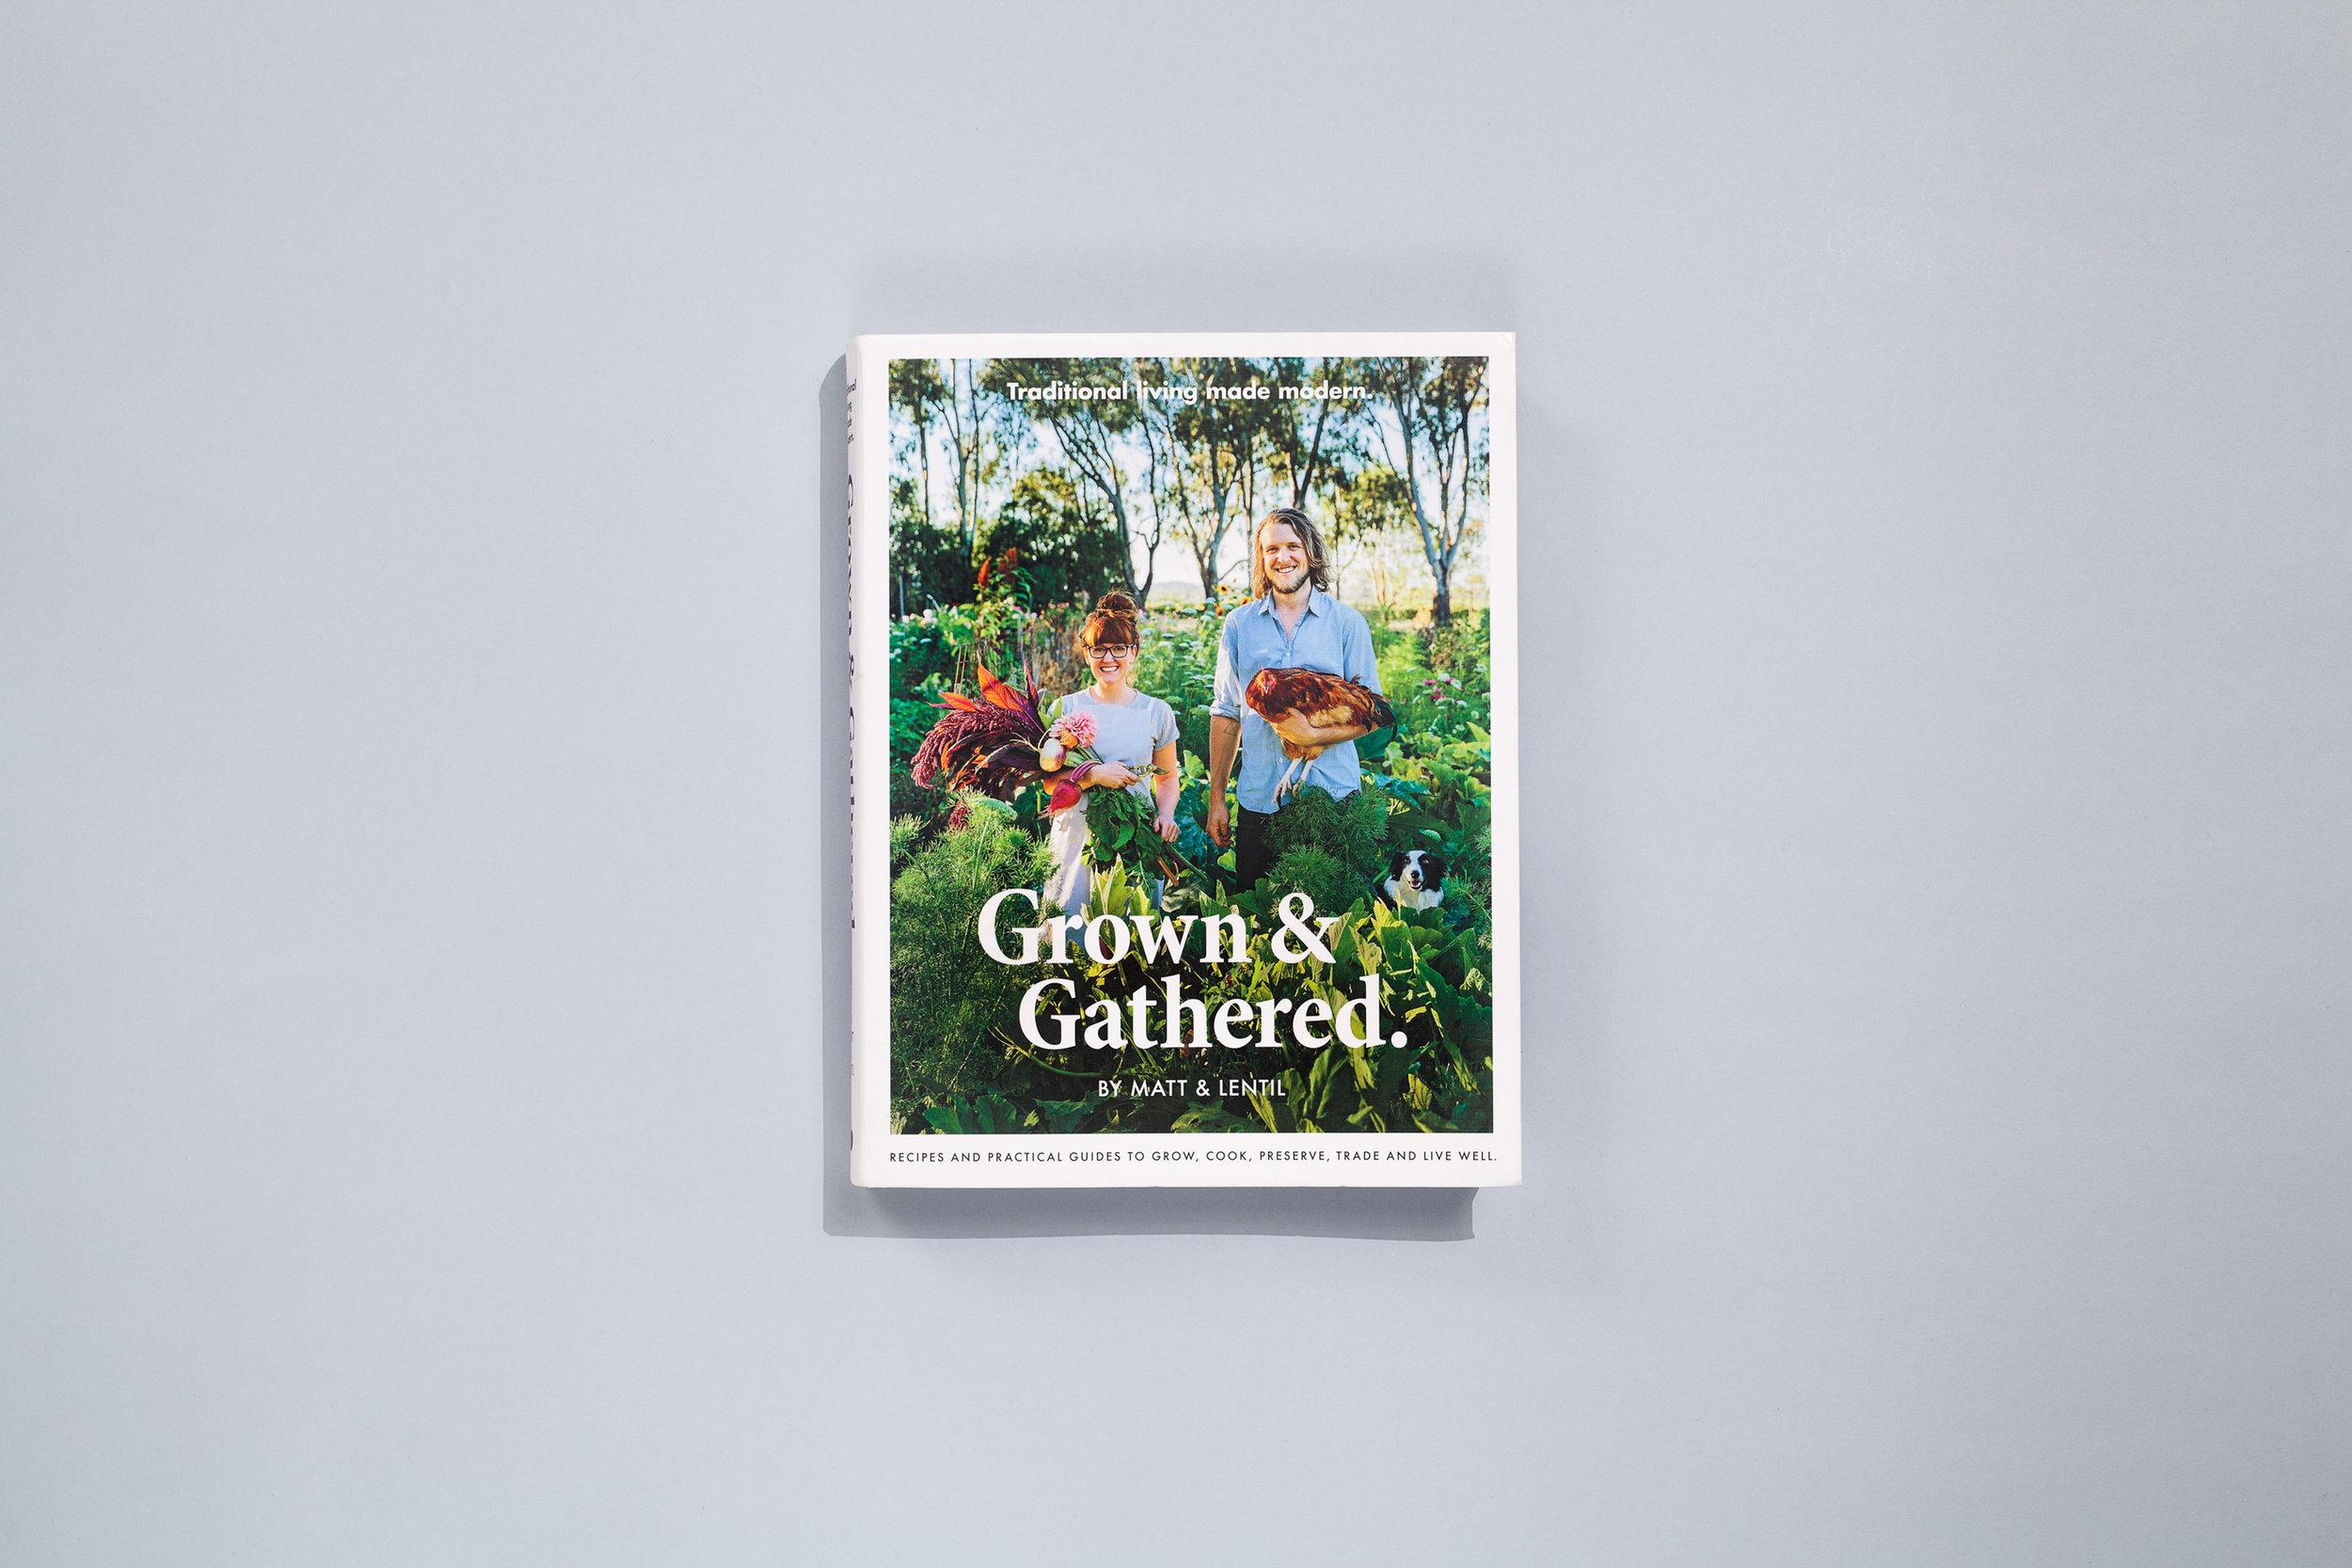 Title – Grown & Gathered Authors – Matt & Lentil Designer – Daniel New Photographer – Shantanu Starick Publisher – Plum  2017 Australian Book Design Awards + Best Designed Cookbook
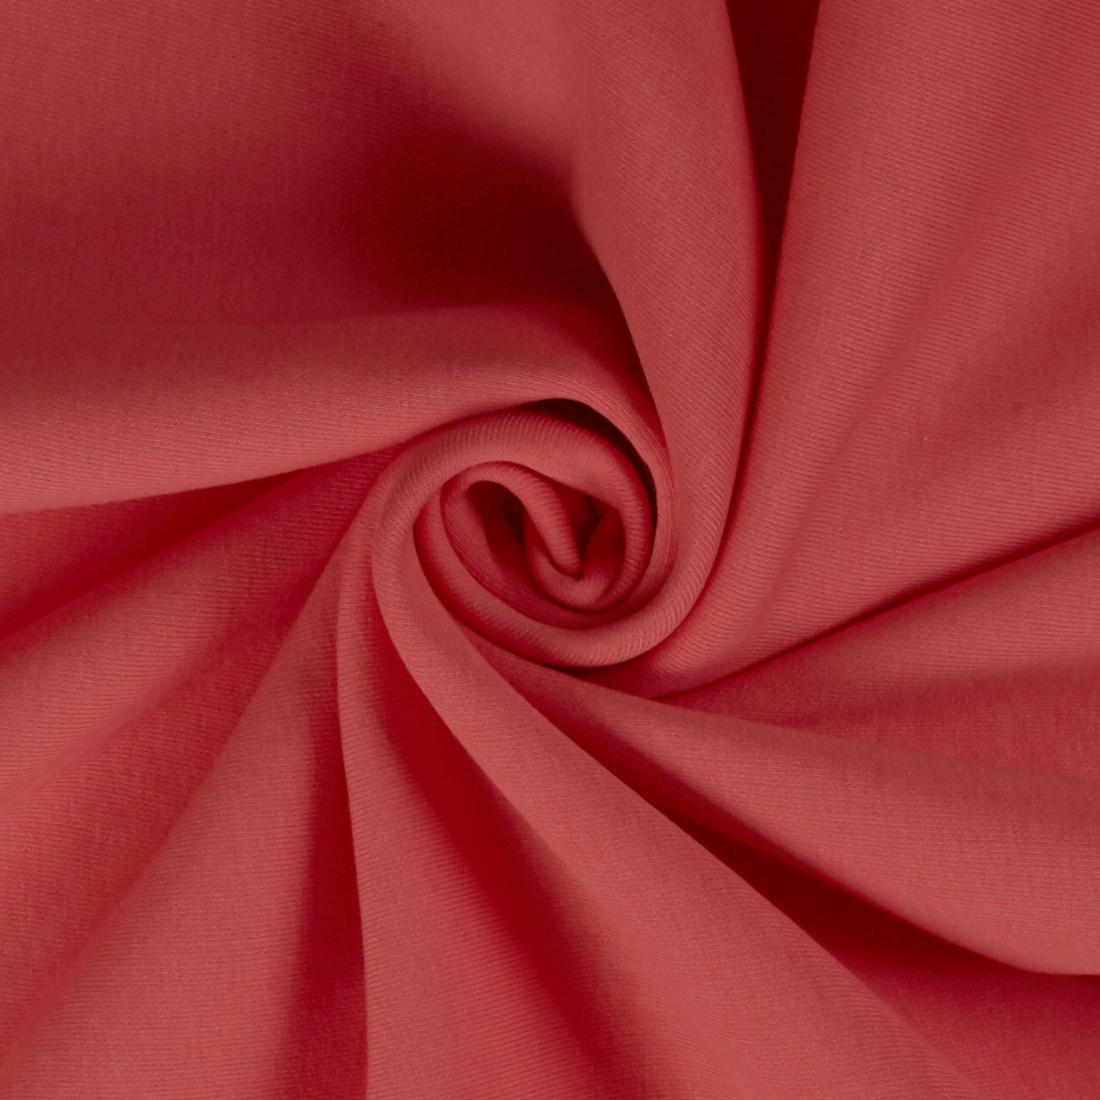 Sweatshirt Jersey Coral Dress Fabric
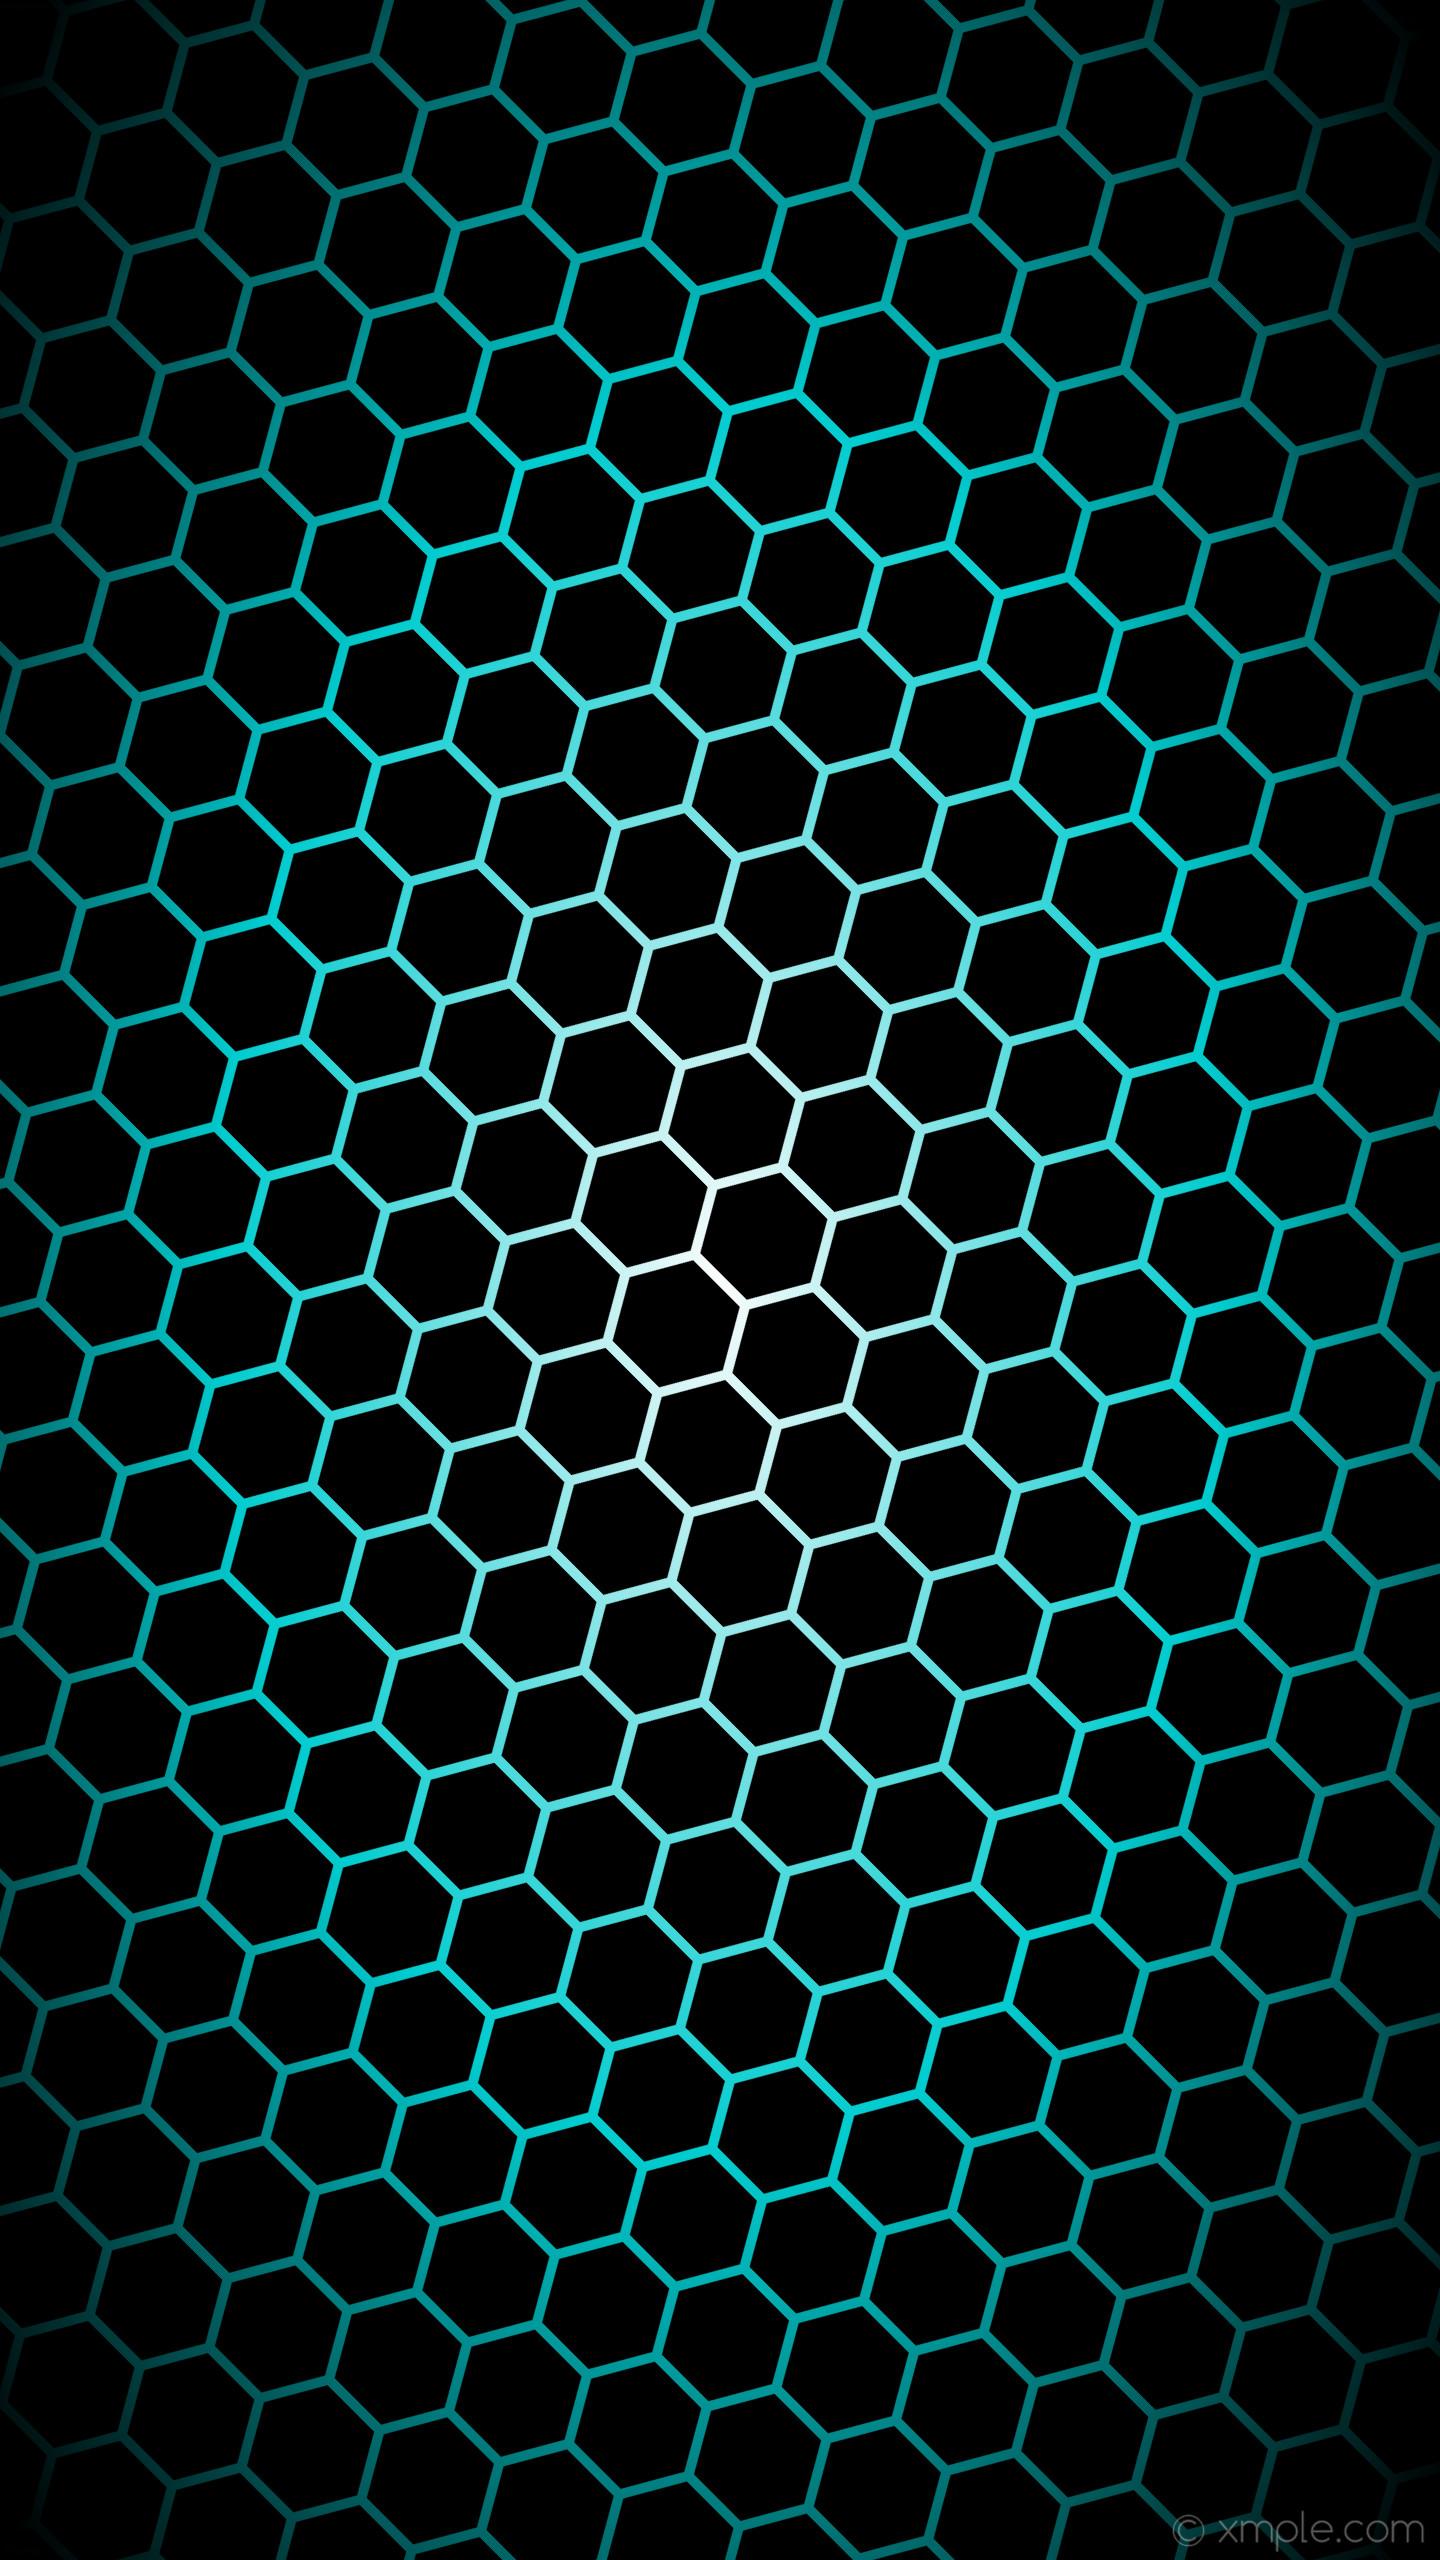 wallpaper white hexagon blue gradient glow black dark turquoise #000000  #ffffff #00ced1 diagonal
• • • • • • •
_What you are asked to do_
Only the lines from the line with "Sweatshirt Jersey Coral Dress Fabric" through the final line of the material belong in the answer, copied exactly and without pictures.

_Answer to this task_
 Sweatshirt Jersey Coral Dress Fabric
 wallpaper white hexagon blue gradient glow black dark turquoise #000000  #ffffff #00ced1 diagonal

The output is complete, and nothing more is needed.